## Task to carry out
Find "Hshbgiu Good Morning" in the material below, then write out that line and every line after it exactly, ending with the last one; skip the pictures.

## Material provided

=======

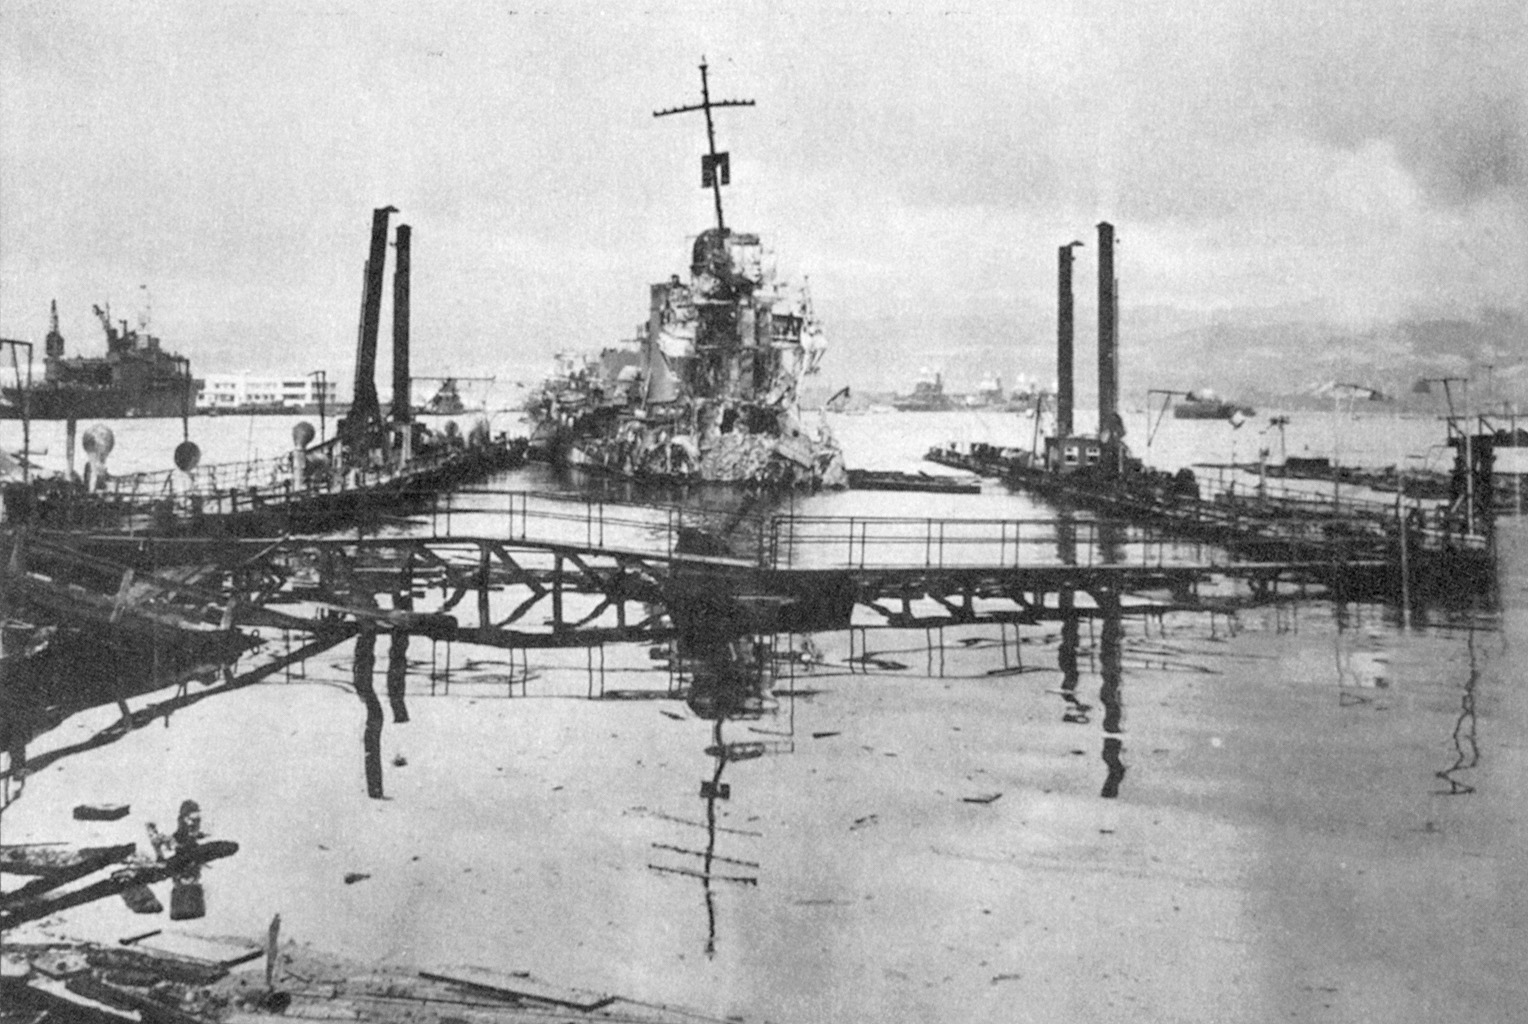 The heavily damaged destroyer Shaw floats in dry dock on December 8, 1941.
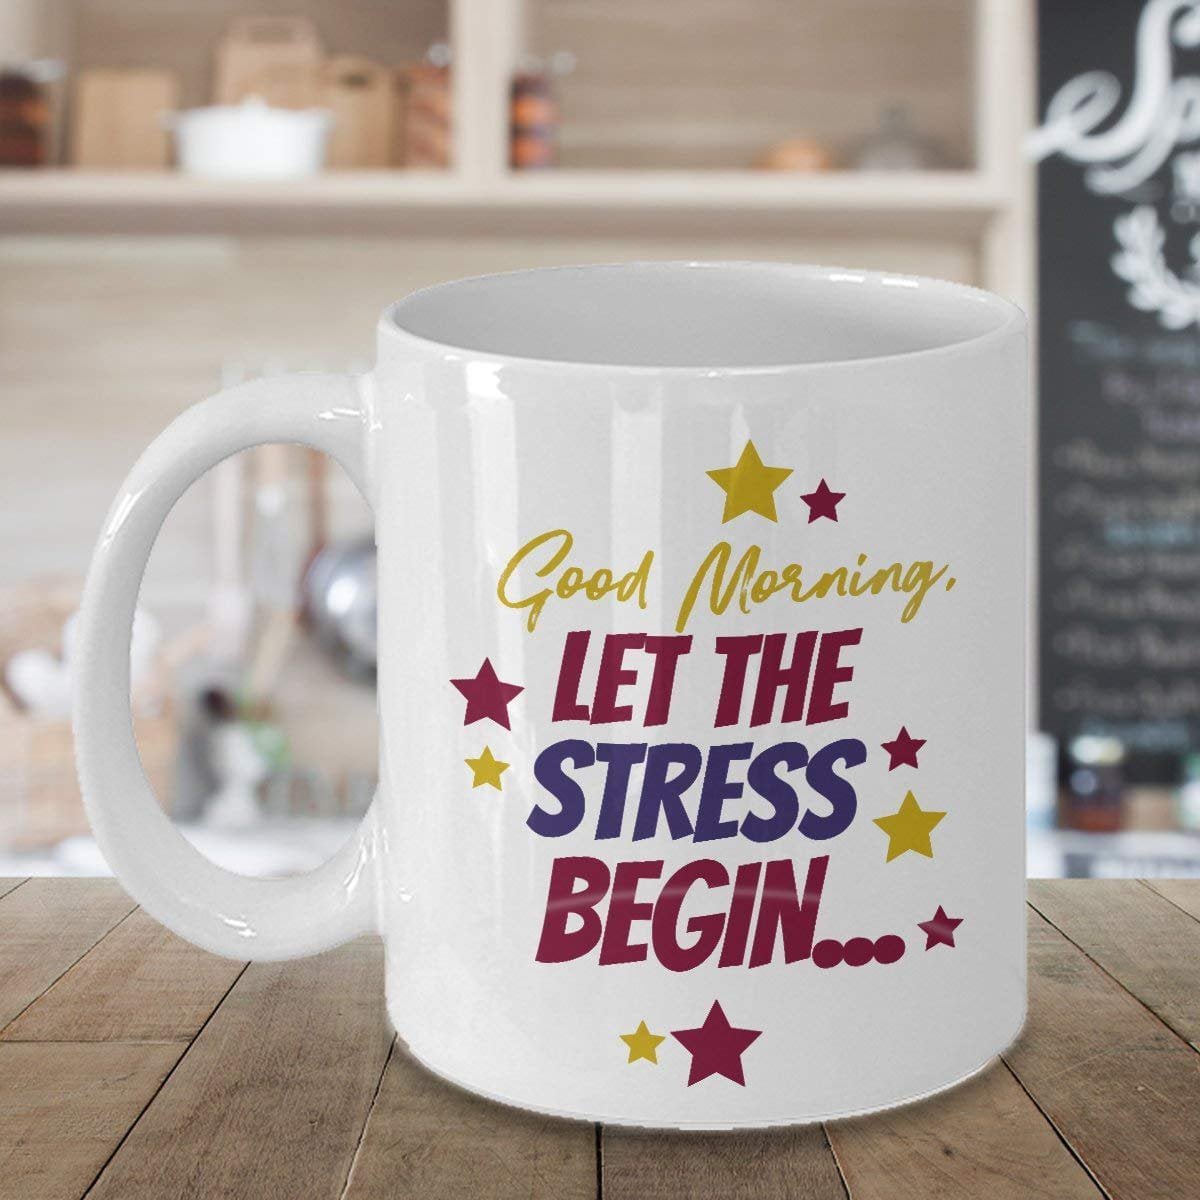 Hshbgiu Good Morning Let The Stress Begin Starry Coffee & Tea Gift Mug Cup For A Gorgeous Person Who Loves Sunshine 
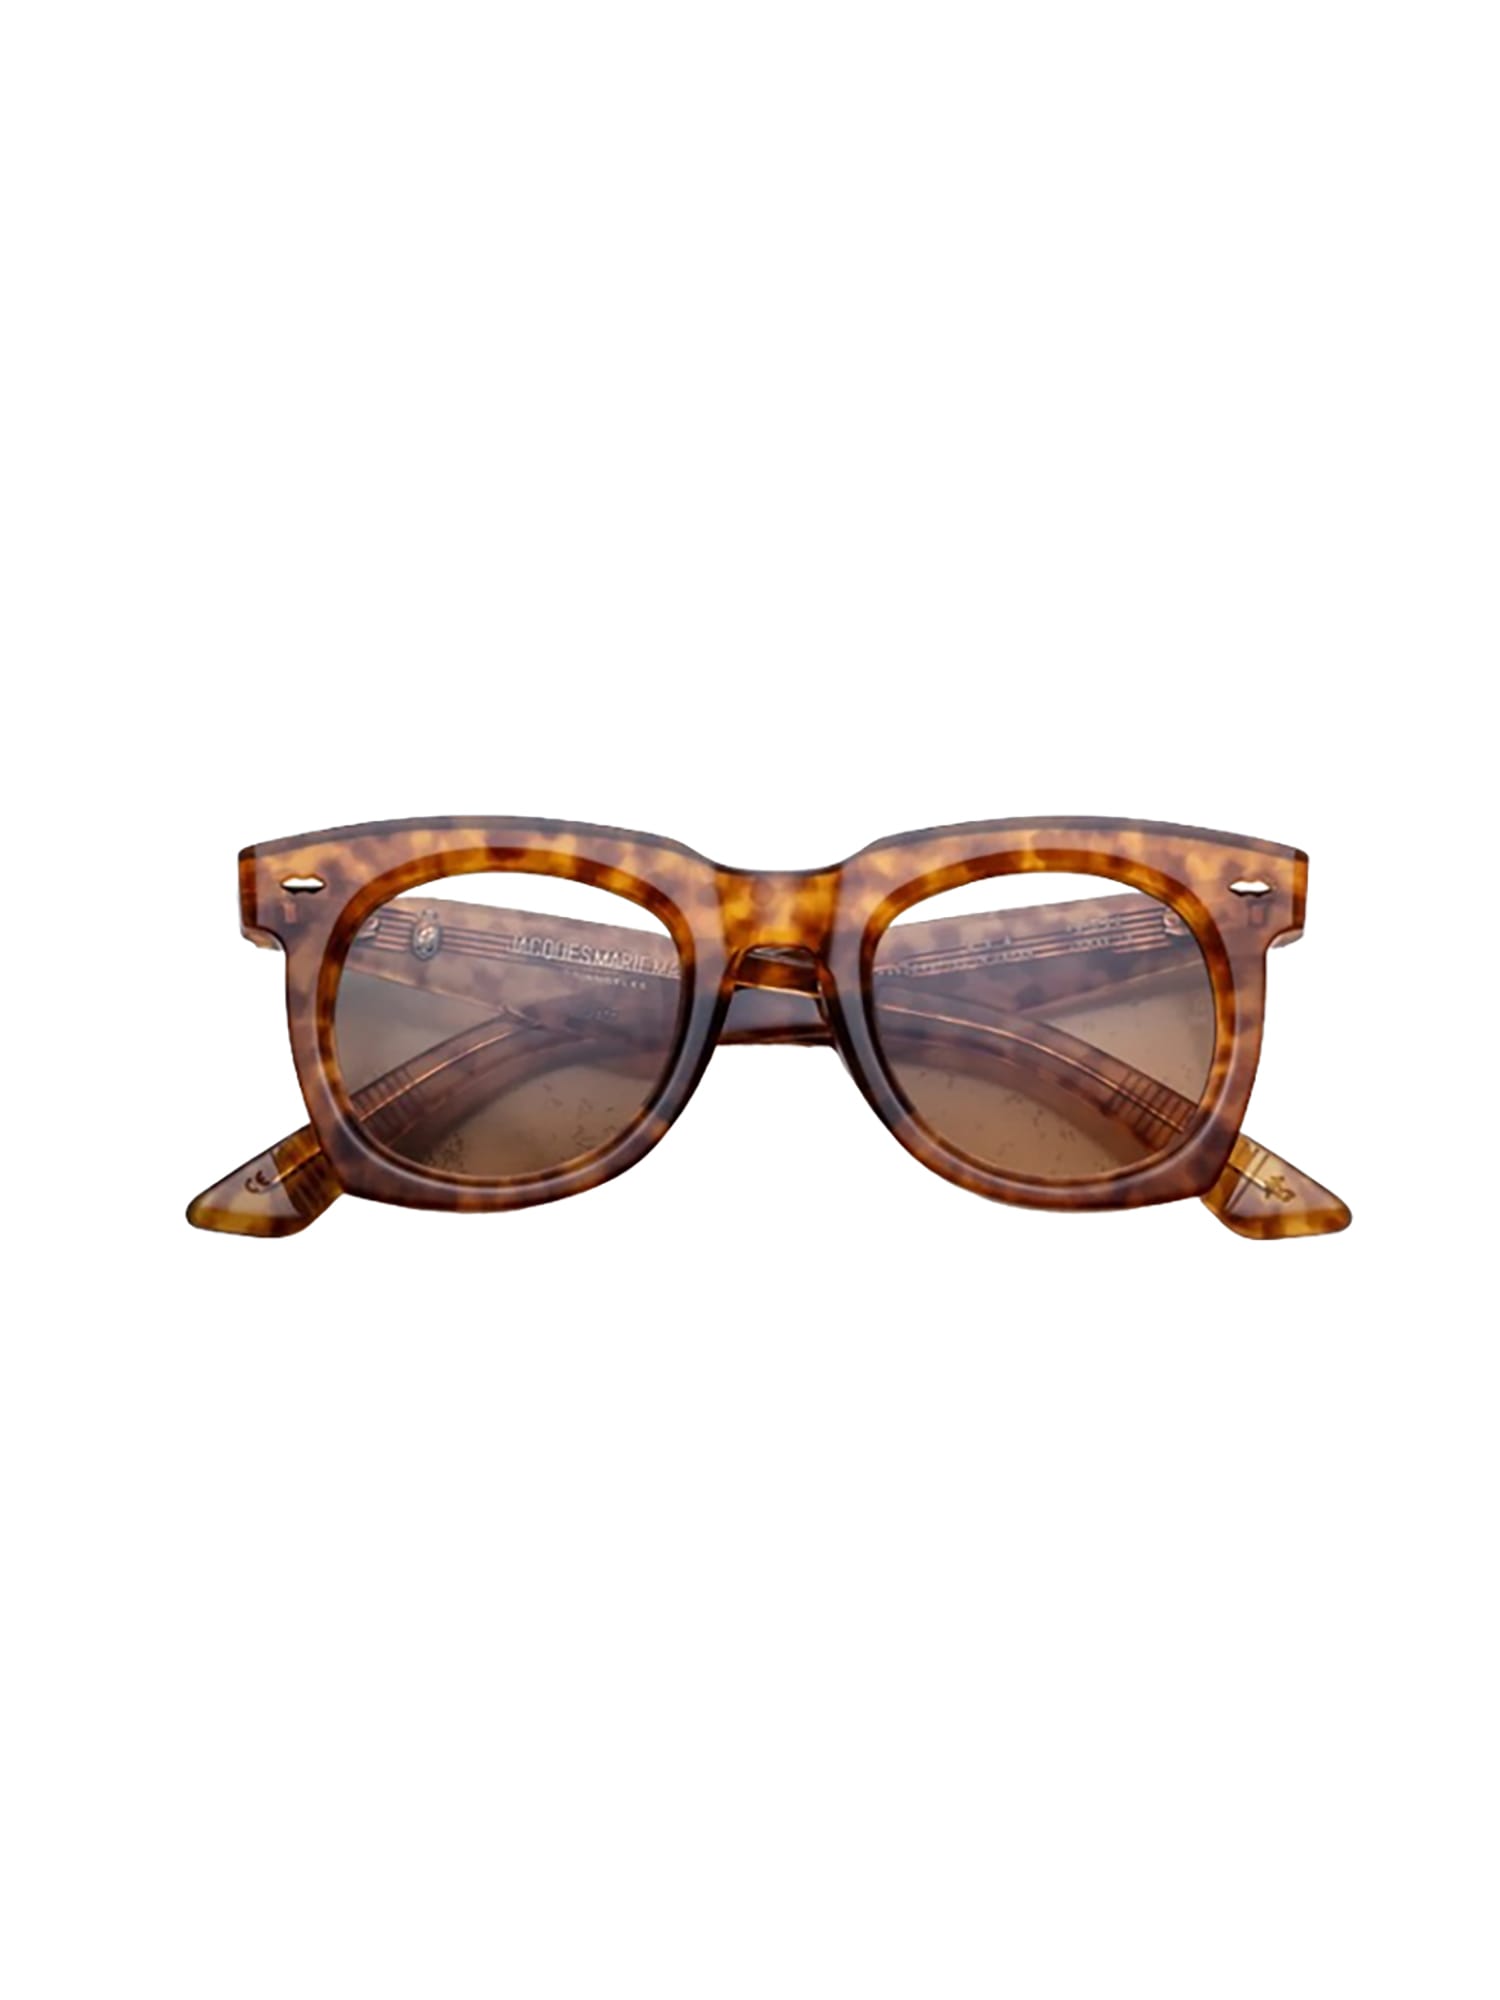 Jacques Marie Mage Ava Sunglasses In R Camel,sepia

=======

## Finished exercise
 Hshbgiu Good Morning Let The Stress Begin Starry Coffee & Tea Gift Mug Cup For A Gorgeous Person Who Loves Sunshine 
 Jacques Marie Mage Ava Sunglasses In R Camel,sepia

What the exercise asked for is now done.